Арто стремился создать театр, который обращался бы напрямую к чувствам, обходя интеллект, чтобы достичь более примитивной и более аутентичной формы общения. Ван Инь со своей преднамеренно грубой живописной техникой и кажущимися простыми композициями также стремится к форме прямой коммуникации, которая превосходит устоявшиеся художественные условности. Его видимые мазки кисти и сдержанные цвета создают материальность, которая постоянно напоминает нам, что мы смотрим не на совершенную иллюзию, а на конструкцию, интерпретацию реальности.

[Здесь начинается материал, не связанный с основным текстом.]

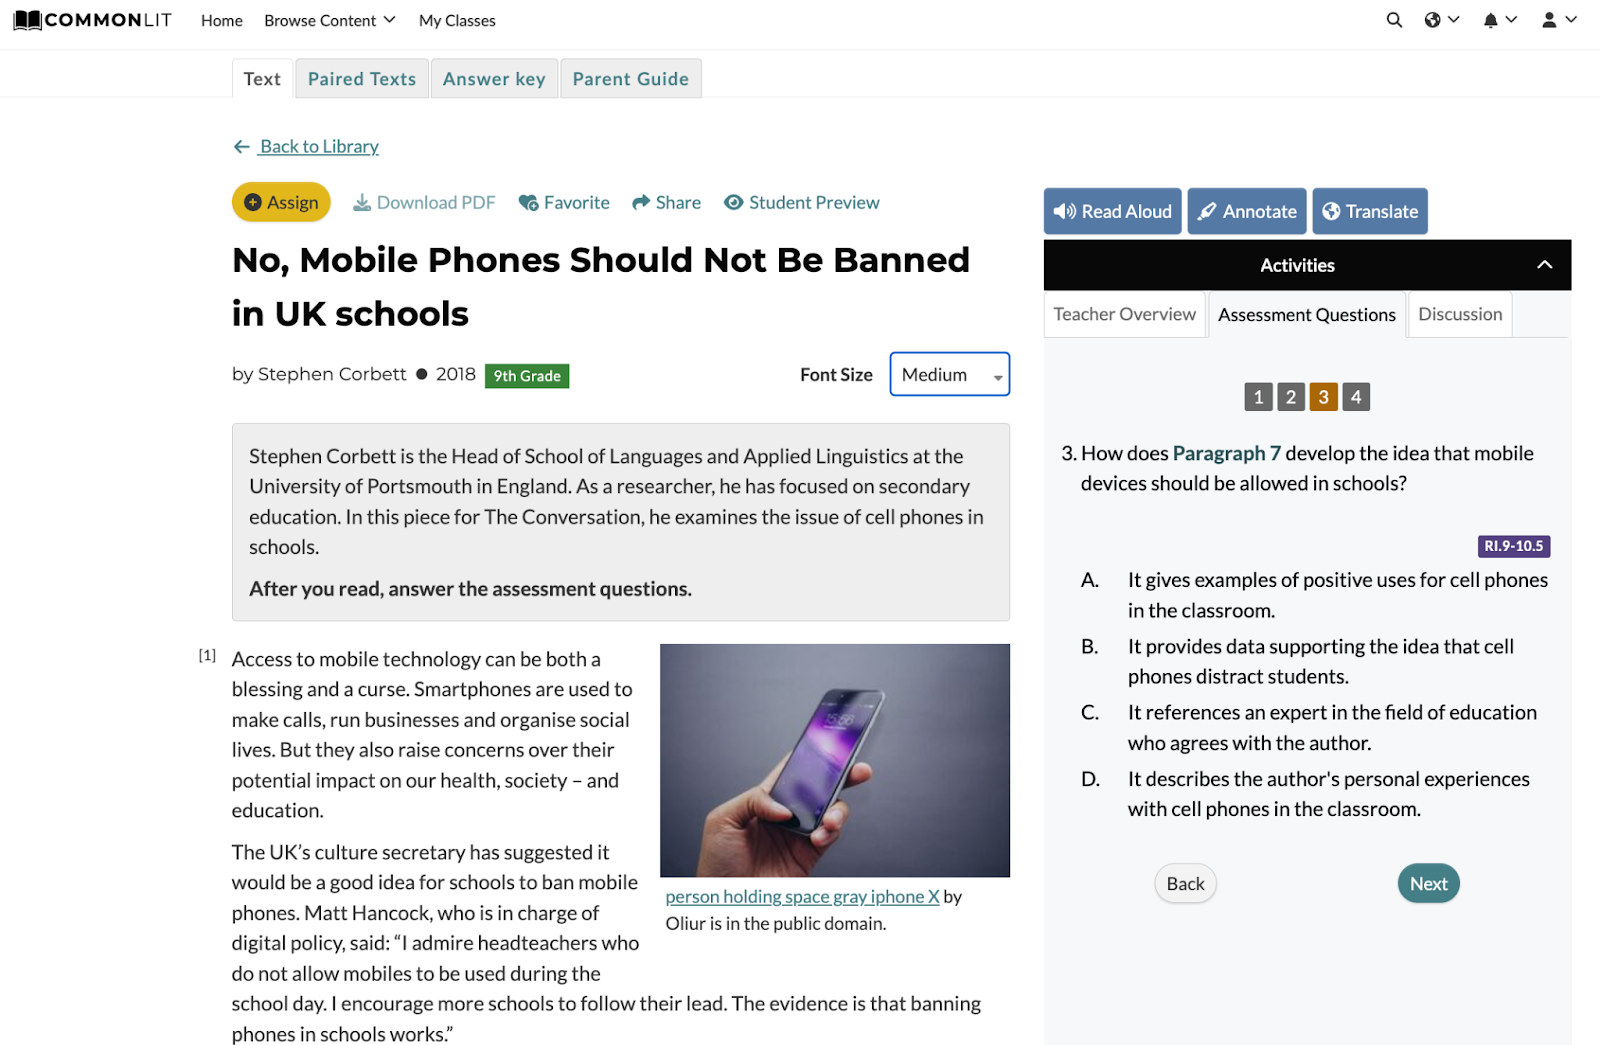 Screenshot of an argumentative article for students  “No, Mobile Phones Should Not be Banned in UK Schools”

Эта материальность особенно заметна в его серии “Художники босиком”, где он изображает художников за работой, зачастую с размытыми лицами или непропорциональными конечностями. Эти картины не просто представляют художников, а являются размышлениями об самом акте живописи, о взаимоотношениях между создателем и его творением.
Артаудовская концепция “тела без органов” находит отклик в том, как Ван изображает свои человеческие фигуры, часто как размытые присутствия, тела, существующие скорее как поля энергии или намёки, чем как анатомически точные сущности. Такой подход позволяет Вану выйти за рамки буквальной репрезентации и достичь более фундаментальной формы выражения, близкой тому, что Артауд называл “жизнью в том, что она непредставима”.
Ван Ин напоминает нам, что искусство, это не соревнование, кто сможет быть самым шокирующим, инновационным или эксцентричным. Это скорее терпеливое и упорное исследование того, что значит быть человеком в постоянно меняющемся мире. В мировой художественной сцене, одержимой инновациями любой ценой, постоянство Вана и его преданность живописи как средству являются актами тихого сопротивления.
Сила Вана заключается в его способности превращать знакомое в нечто странное, а странное, в нечто знакомое. Он копается в слоях визуальной истории Китая, от коммунистической пропаганды до древних пейзажных картин, чтобы создать изобразительный язык, который одновременно глубоко личный и неразрывно связан с коллективной культурной памятью. Его работа напоминает, что самая мощная форма искусства не обязательно рождается из радикального разрыва с прошлым, а может возникать из уважительного и критического диалога с традицией.
В мире искусства, доминируемом новизной и зрелищем, Ван Ин предлагает нам нечто более редкое и ценное: приглашение замедлиться, внимательно посмотреть и обнаружить необыкновенное в обычном. Это художник, который понимает, что порой шепот может быть сильнее крика.
- Ли Мин, “Символика объектов в современном китайском искусстве”, Revue d’Art Asiatique, 2018.
- Самюэль Беккет, “Пруст”, Les Éditions de Minuit, 1990.
- Антонин Арто, “Театр и его двойник”, Gallimard, 1964.